# *****Deleted*****



## reils49 (Jan 3, 2005)

*****Deleted*****


----------



## pointer99 (Jan 16, 2004)

reils49 said:


> I am a US Marine, and have been for 2 1/2 years now. Im stationed in the Peoples Socialist Republic of California.


i hate to see our men of the armed services in a hostile foreign land.

pointer

oh yeah one other thing.....WELCOME TO THE BOARD..........when you post on here be sure you are wearing some insulated hip boots and industrial strength condoms........ lotsa bullchit and lotsa liberal thinkers.

pointer


----------



## Storm (Dec 8, 2004)

I try and stay away from California as much as possible.


----------



## Militant_Tiger (Feb 23, 2004)

"lotsa bullchit and lotsa liberal thinkers. "

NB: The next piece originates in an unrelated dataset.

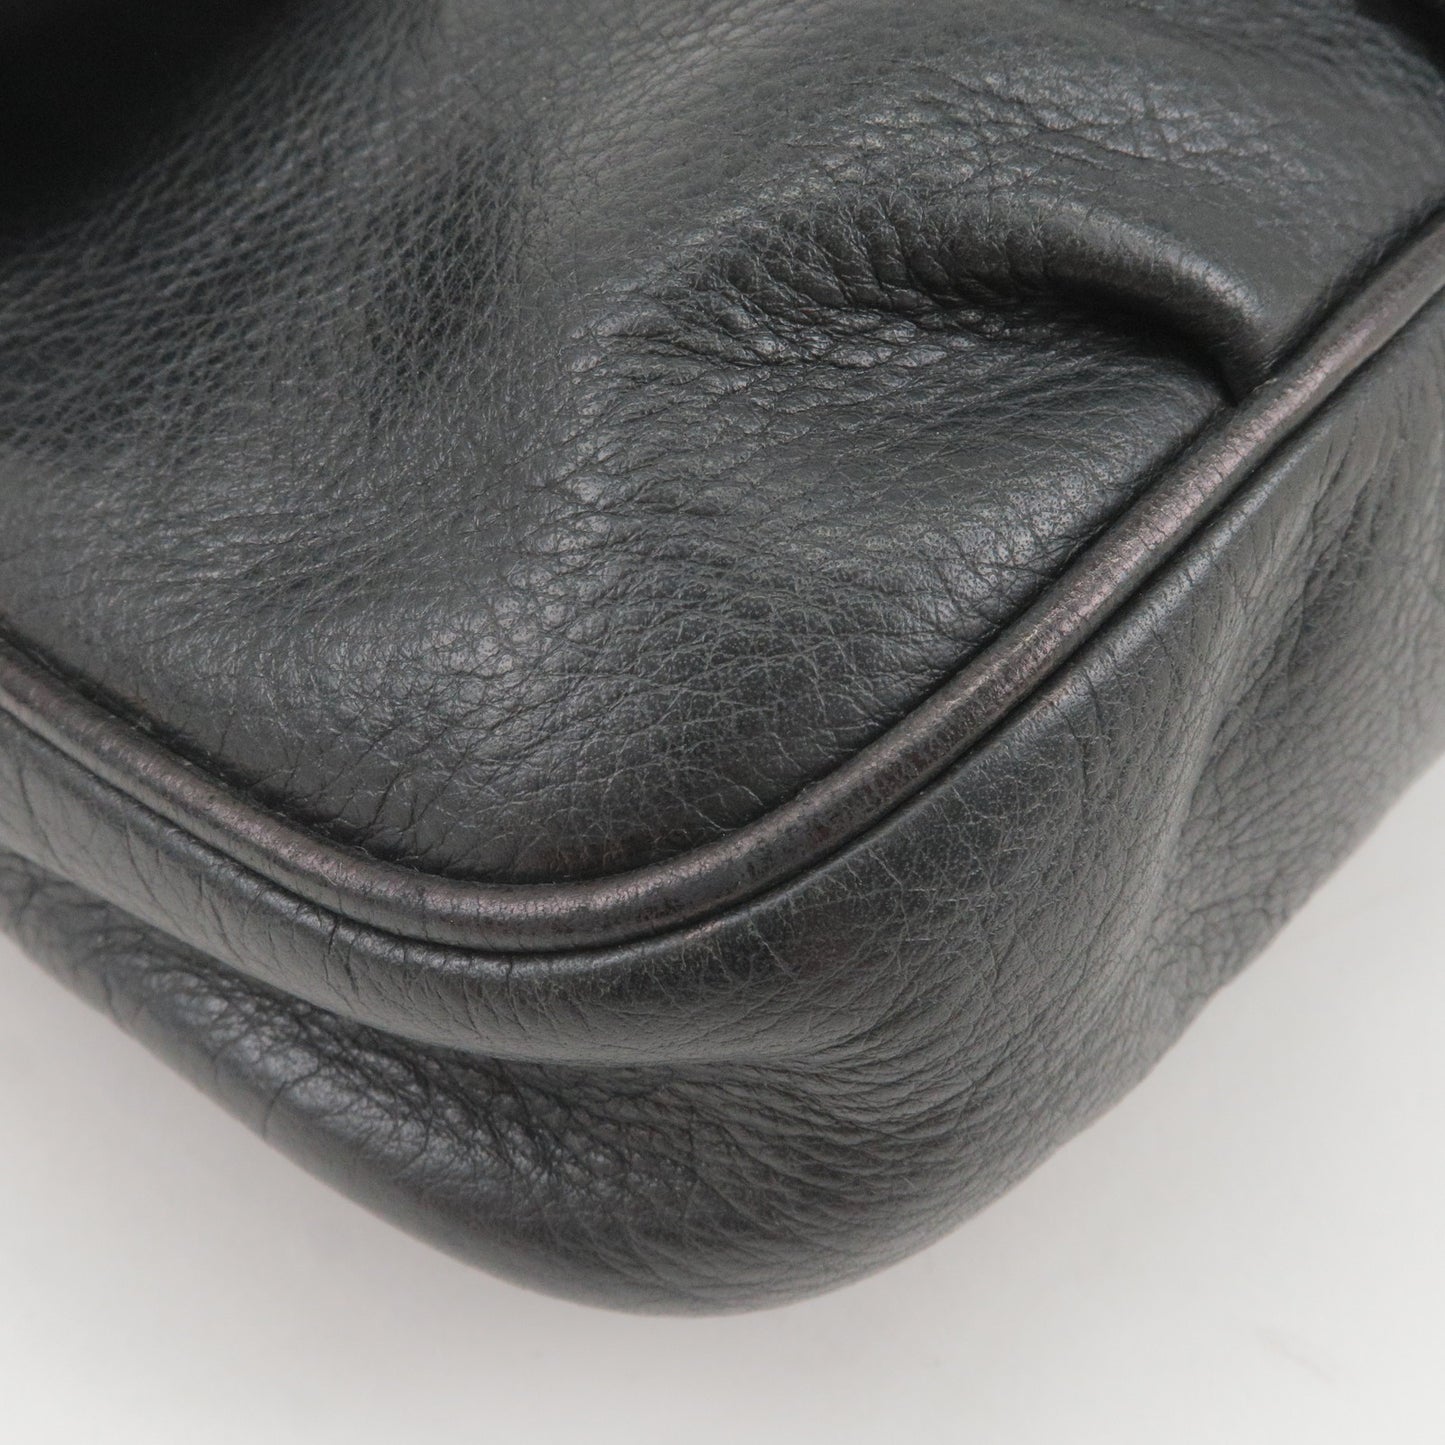 FENDI Leather Chain Shoulder Bag Purse Pouch Black 8M0276
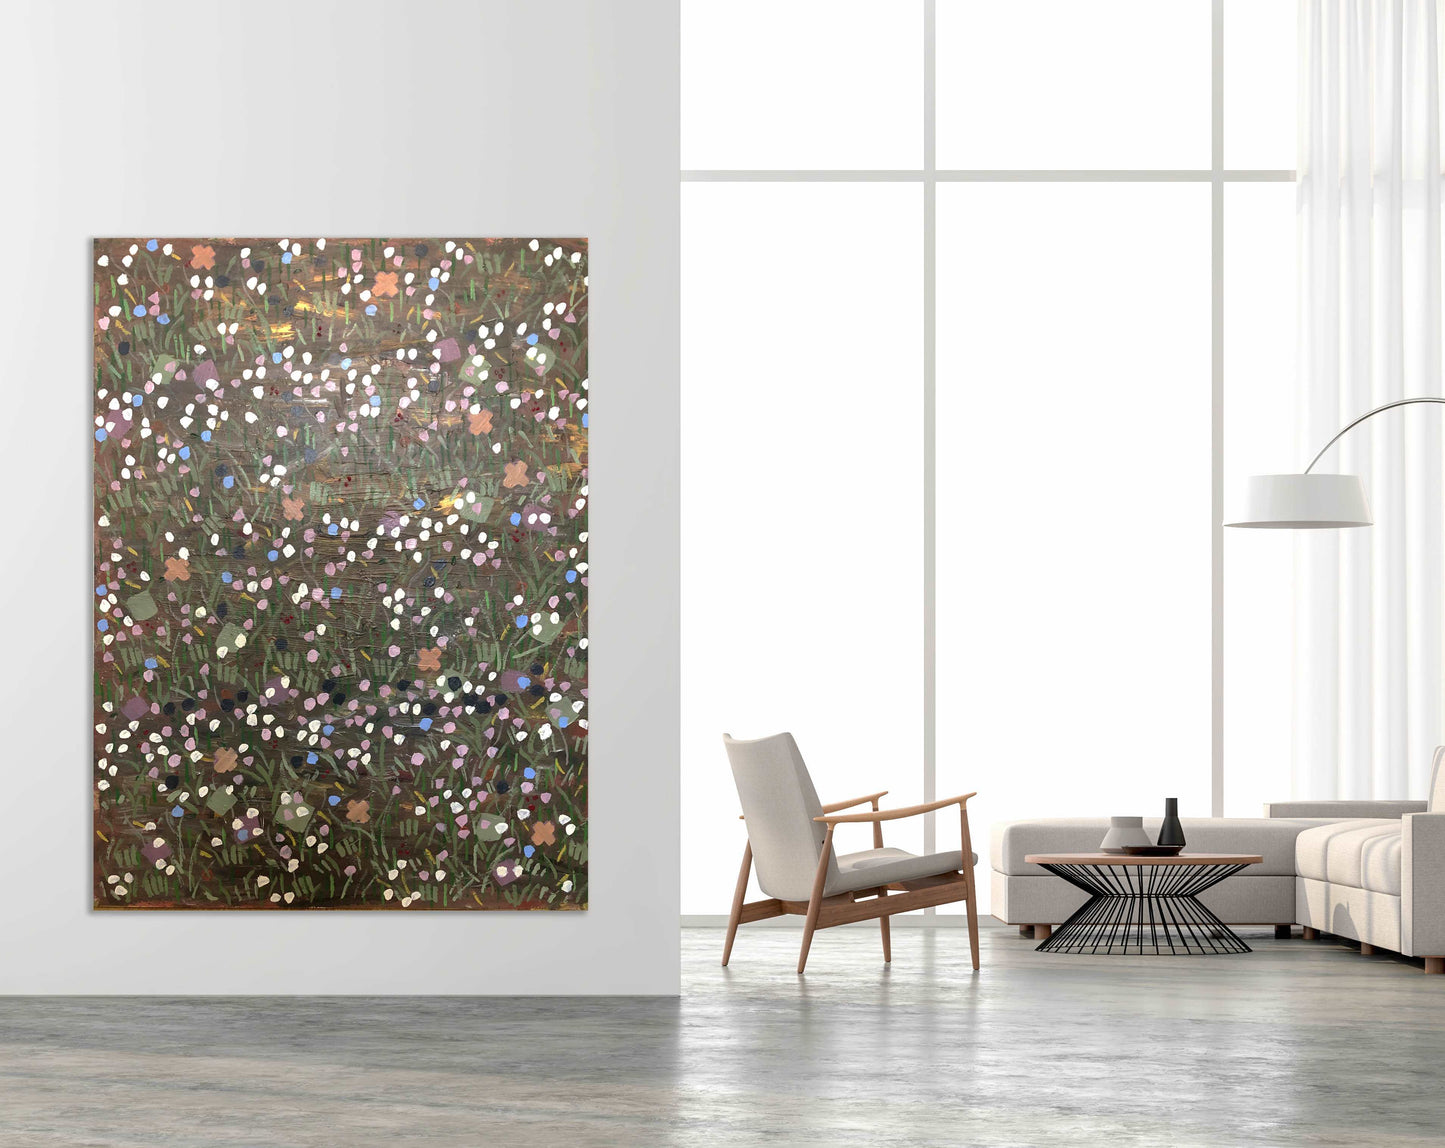 Composition 100B (2021) - 122 x 91cm, acrylic on canvas - Decopica

Boy are you right about the bull**** around here. As for the lotsa liberals, there are about 4 of us, maybe more. Fortunately those two issues are not connected.


----------



## the_rookie (Nov 22, 2004)

yeah and Militant_Tiger is the dumbest liberal watch out his points and views are always changing its like hes a regular john kerry


----------



## Militant_Tiger (Feb 23, 2004)

the_rookie said:


> yeah and Militant_Tiger is the dumbest liberal watch out his points and views are always changing its like hes a regular john kerry


I am a big poopie head aren't I? Rookie thanks for making at least one post legible.


----------



## mr.trooper (Aug 3, 2004)

LOL :rollin: i dont know what to say! its all so good!


----------



## huntin1 (Nov 14, 2003)

WELCOME to the board reils. I thought it was spelled Republik of Kalifornia.  Anyway, does it say all Kalifornians or all Kalifornians who are vets? Here in ND you must prove that you are current or former military to qualify for these plates.

I'll be in your, ahheemm, fine state (Long Beach) the end of Jan. for a few days, any pointers.  

:beer:

huntin1


----------



## Militant_Tiger (Feb 23, 2004)

I looked it up on the california DMV last night, and it doesnt state that you need to be a vet, but maybe it is implied.


----------



## pointer99 (Jan 16, 2004)

Militant_Tiger said:


> I am a big poopie head aren't I?


uh huh

pointer


----------



## pointer99 (Jan 16, 2004)

Militant_Tiger said:


> "lotsa bullchit and lotsa liberal thinkers. "
> 
> Boy are you right about the b#llsh*t around here. As for the lotsa liberals, there are about 4 of us, maybe more. Fortunately those two issues are not connected.


says you.........take a poll i bet you will find you are in the minority.

pointer


----------



## Militant_Tiger (Feb 23, 2004)

Read my post over a few times, you missed the point entirely.


----------